Very sorry for late response, I found this email has been blocked after Lihao mentioned this morning.

-----Original Message-----
From: zhangheng (AC)
Sent: 2018年1月26日 18:30
To: 'paulmck@xxxxxxxxxxxxxxxxxx' <paulmck@xxxxxxxxxxxxxxxxxx>; lianglihao@xxxxxxxxxx
Cc: Guohanjun (Hanjun Guo) <guohanjun@xxxxxxxxxx>; Chenhaibo (Haibo, OS Lab) <hb.chen@xxxxxxxxxx>; lihao.liang@xxxxxxxxx; linux-kernel@xxxxxxxxxxxxxxx
Subject: RE: [PATCH RFC 01/16] prcu: Add PRCU implementation

Hi Paul, thanks a lot for pointing out the problems of the implementation.

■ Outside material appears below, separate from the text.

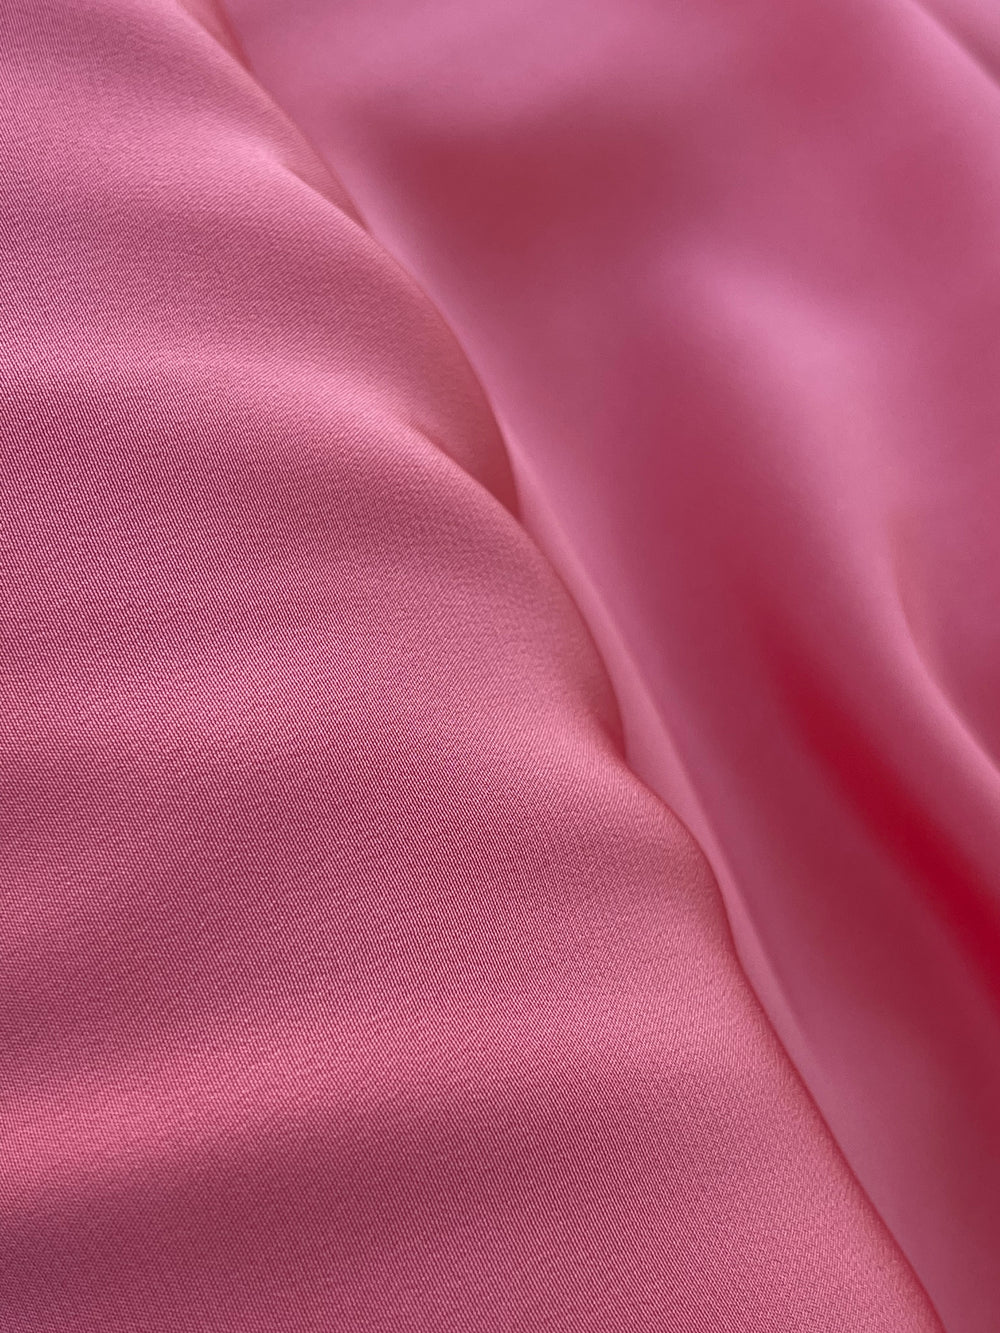 Silk Crepe Fabric | Silk Crepe De Chine Fabric | MONSARFABRICS

Here's my understanding.

Best Regards,
Heng

-----Original Message-----
>From: Paul E. McKenney [mailto:paulmck@xxxxxxxxxxxxxxxxxx]
>Sent: 2018年1月25日 14:16
>To: lianglihao@xxxxxxxxxx
>Cc: Guohanjun (Hanjun Guo) <guohanjun@xxxxxxxxxx>; zhangheng (AC)
><heng.z@xxxxxxxxxx>; Chenhaibo (Haibo, OS Lab) <hb.chen@xxxxxxxxxx>;
>lihao.liang@xxxxxxxxx; linux-kernel@xxxxxxxxxxxxxxx
>Subject: Re: [PATCH RFC 01/16] prcu: Add PRCU implementation

>On Tue, Jan 23, 2018 at 03:59:26PM +0800, lianglihao@xxxxxxxxxx wrote:
>> From: Heng Zhang <heng.z@xxxxxxxxxx>
>>
>> This RCU implementation (PRCU) is based on a fast consensus protocol
>> published in the following paper:
>>
>> Fast Consensus Using Bounded Staleness for Scalable Read-mostly Synchronization.
>> Haibo Chen, Heng Zhang, Ran Liu, Binyu Zang, and Haibing Guan.
>> IEEE Transactions on Parallel and Distributed Systems (TPDS), 2016.
>> https://dl.acm.org/citation.cfm?id=3024114.3024143
>>
>> Signed-off-by: Heng Zhang <heng.z@xxxxxxxxxx>
>> Signed-off-by: Lihao Liang <lianglihao@xxxxxxxxxx>

>A few comments and questions interspersed.

> Thanx, Paul

>> ---
>> include/linux/prcu.h | 37 +++++++++++++++
>> kernel/rcu/Makefile | 2 +-
>> kernel/rcu/prcu.c | 125 +++++++++++++++++++++++++++++++++++++++++++++++++++
>> kernel/sched/core.c | 2 +
>> 4 files changed, 165 insertions(+), 1 deletion(-) create mode
>> 100644 include/linux/prcu.h create mode 100644 kernel/rcu/prcu.c
>>
>> diff --git a/include/linux/prcu.h b/include/linux/prcu.h new file
>> mode
>> 100644 index 00000000..653b4633
>> --- /dev/null
>> +++ b/include/linux/prcu.h
>> @@ -0,0 +1,37 @@
>> +#ifndef __LINUX_PRCU_H
>> +#define __LINUX_PRCU_H
>> +
>> +#include <linux/atomic.h>
>> +#include <linux/mutex.h>
>> +#include <linux/wait.h>
>> +
>> +#define CONFIG_PRCU
>> +
>> +struct prcu_local_struct {
>> + unsigned int locked;
>> + unsigned int online;
>> + unsigned long long version;
>> +};
>> +
>> +struct prcu_struct {
>> + atomic64_t global_version;
>> + atomic_t active_ctr;
>> + struct mutex mtx;
>> + wait_queue_head_t wait_q;
>> +};
>> +
>> +#ifdef CONFIG_PRCU
>> +void prcu_read_lock(void);
>> +void prcu_read_unlock(void);
>> +void synchronize_prcu(void);
>> +void prcu_note_context_switch(void);
>> +
>> +#else /* #ifdef CONFIG_PRCU */
>> +
>> +#define prcu_read_lock() do {} while (0) #define prcu_read_unlock()
>> +do {} while (0) #define synchronize_prcu() do {} while (0) #define
>> +prcu_note_context_switch() do {} while (0)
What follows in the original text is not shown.